I can't handle mess; all the labels in my house have to be facing out towards me; clutter and disorganization make me feel sick to my stomach; misplacing items can drive me mad; and even if I have an injury, I will make sure things are clean. I vacuumed the house and really hurt myself soon after my C-section cause I was going to lose it if I couldn't clean. Sometimes I even feel like I can't breathe when Noah's area at the table is covered in crumbs and peanut butter after breakfast. I never leave the house if I haven't picked up and put away all the toys or washed the dishes.

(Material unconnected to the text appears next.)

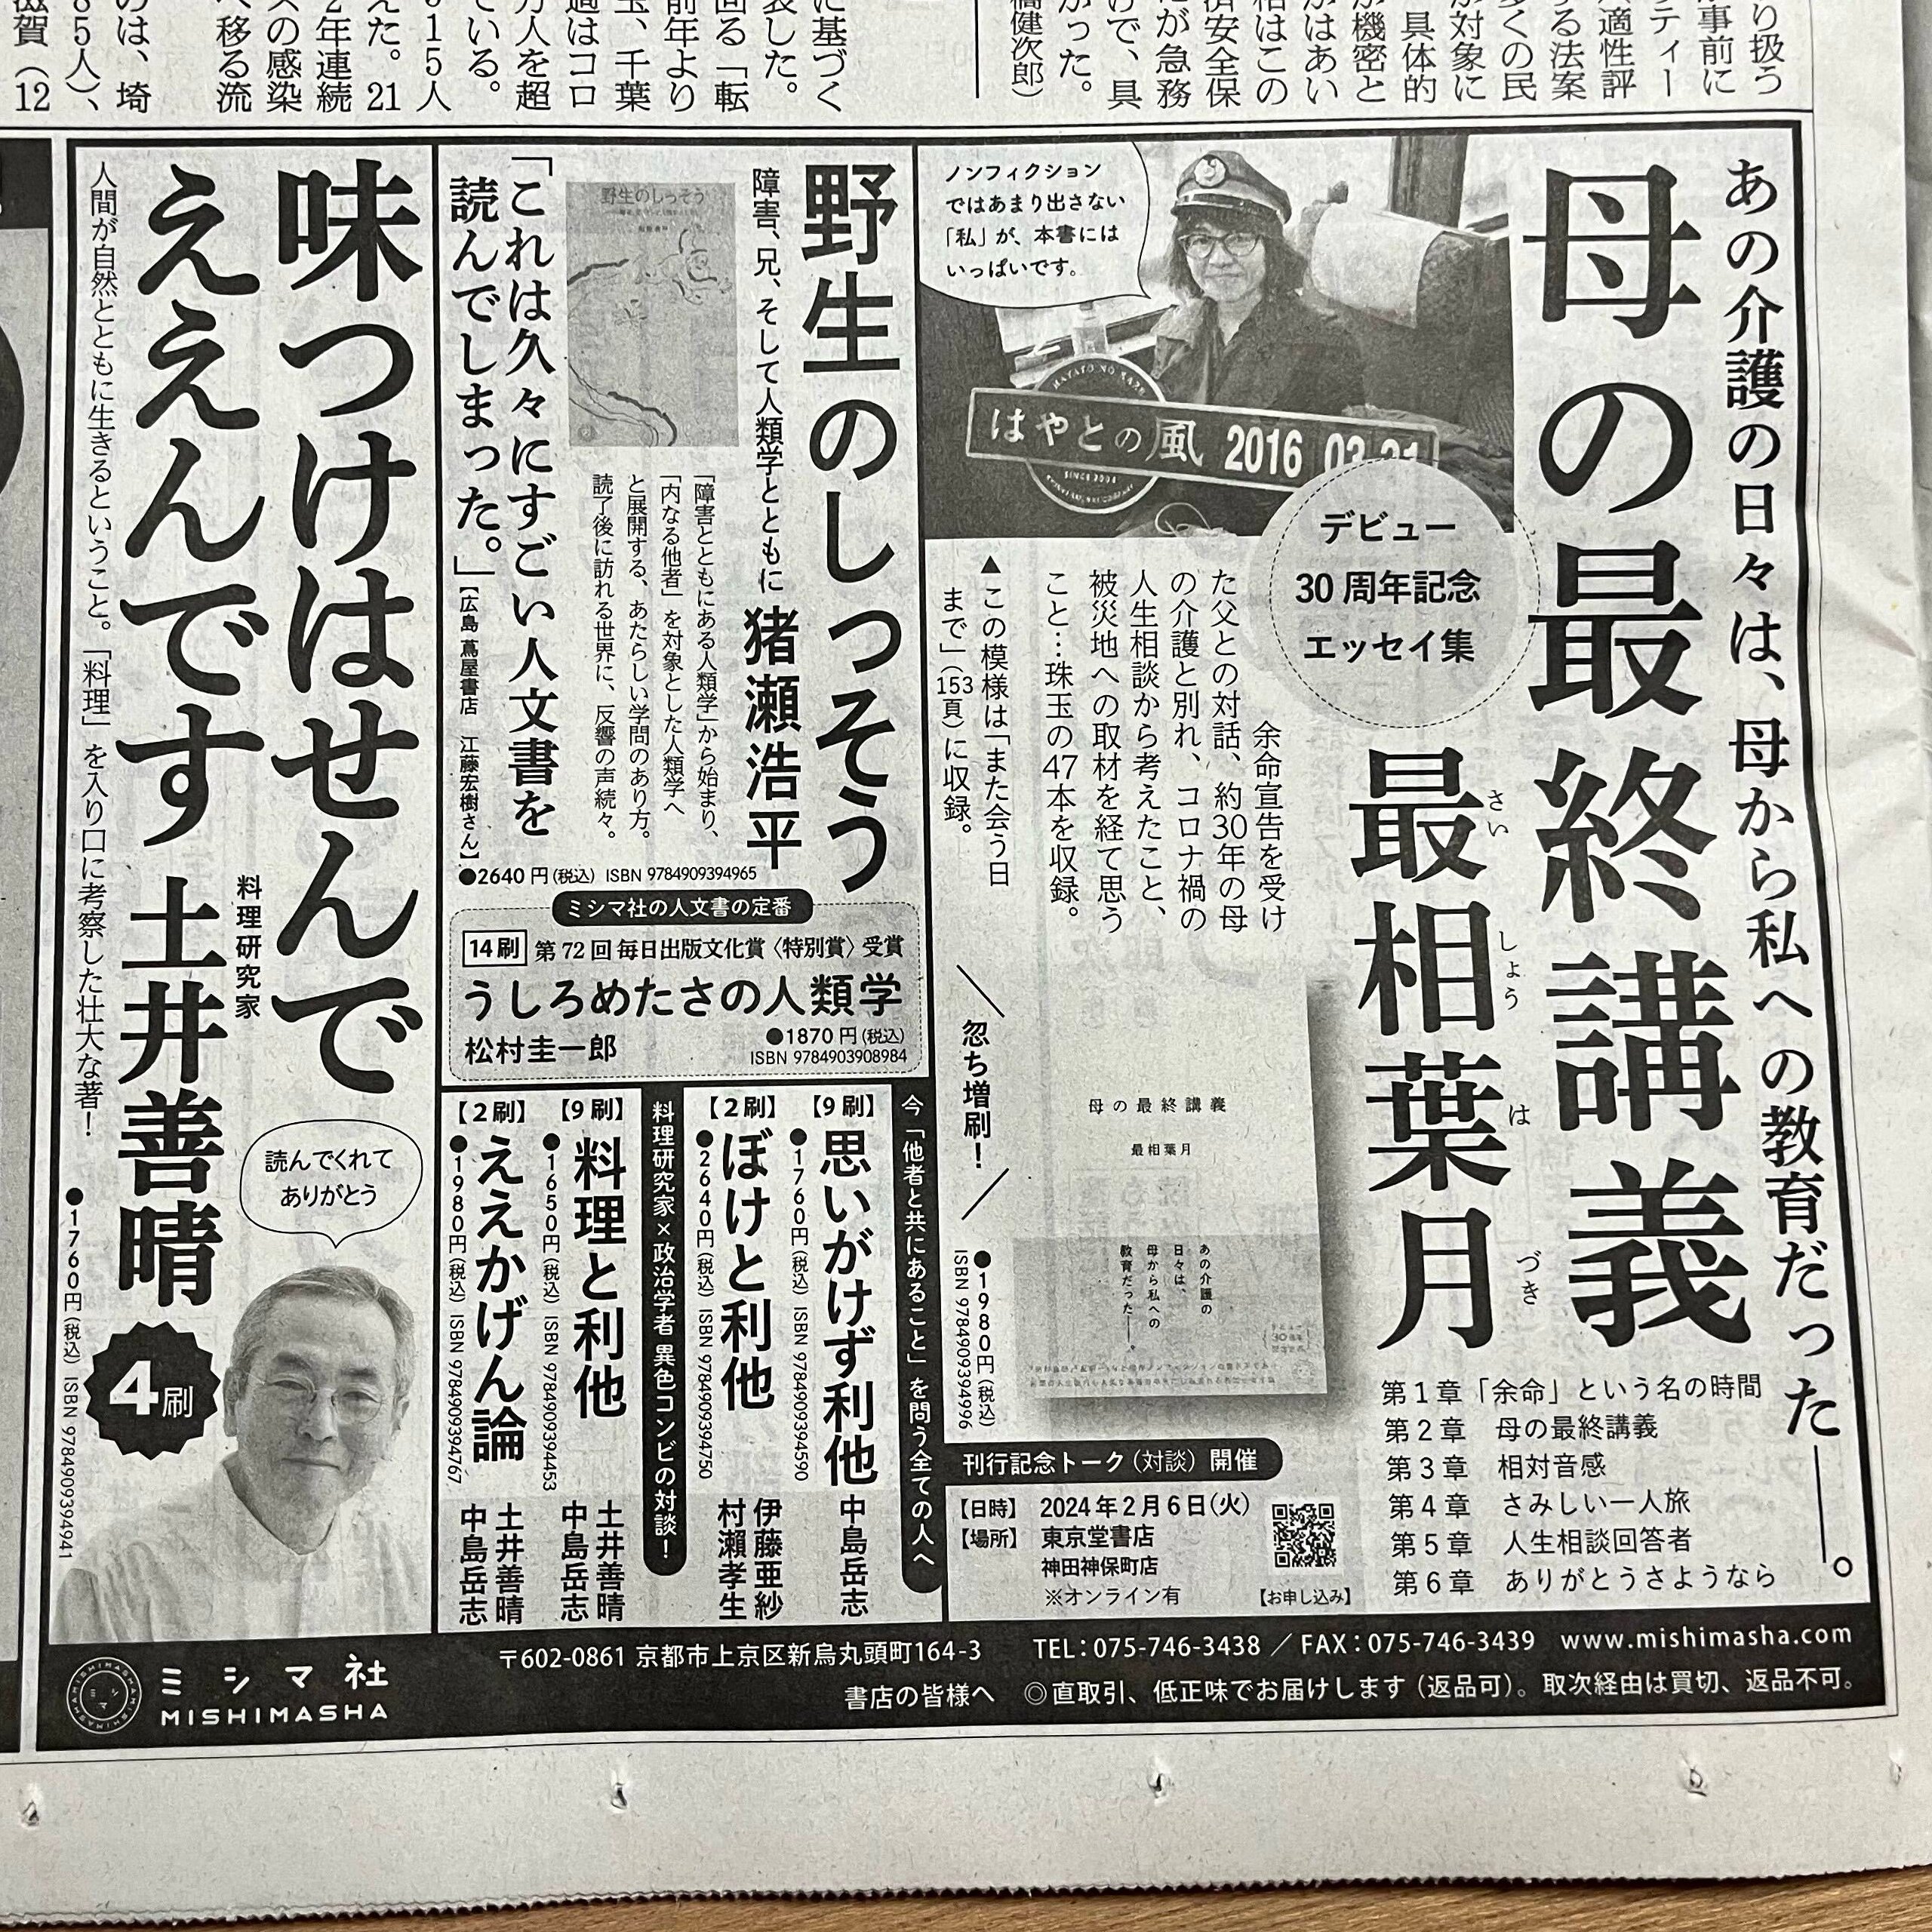 1/31朝日新聞朝刊3面、半５段広告を出稿！

Definitely obsessive compulsive.
Now that you know this about me, you can imagine how insane I went yesterday when I couldn't for the life of me, find the brand new stick of sunscreen I had just used that morning. I spent three hours searching every nook, cranny, and crevice in our tiny apartment. Nothing. I even asked my husband to check his bag at work and he discovered a plethora of alphabet blocks and a lion teether, but no sunscreen. He did however, mention that he took out the recycling this morning. Aha! So during Noah's nap I went out to the recycling dumpster to dive for that stupid stick of sunscreen and lo and behold, there it was buried in a sea of bubble wrap.

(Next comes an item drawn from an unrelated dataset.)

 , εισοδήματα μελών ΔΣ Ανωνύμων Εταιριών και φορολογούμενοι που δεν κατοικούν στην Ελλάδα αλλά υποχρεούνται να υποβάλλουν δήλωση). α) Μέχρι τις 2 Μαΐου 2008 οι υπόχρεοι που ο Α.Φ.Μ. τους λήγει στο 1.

I thought I was done with the exhaustive searching until Noah decided to lose his letter A magnet. I searched high, I searched low, I made Brendan do an independent search. We used flashlights and overturned everything that could be overturned. Nothing. There was even a breakfast interrogation, but he wouldn't spill.
Needless to say, I feel yucky and crazy. I have to kick this feeling cause it's just going to keep happening throughout his childhood. Parenting never ceases to surprise me.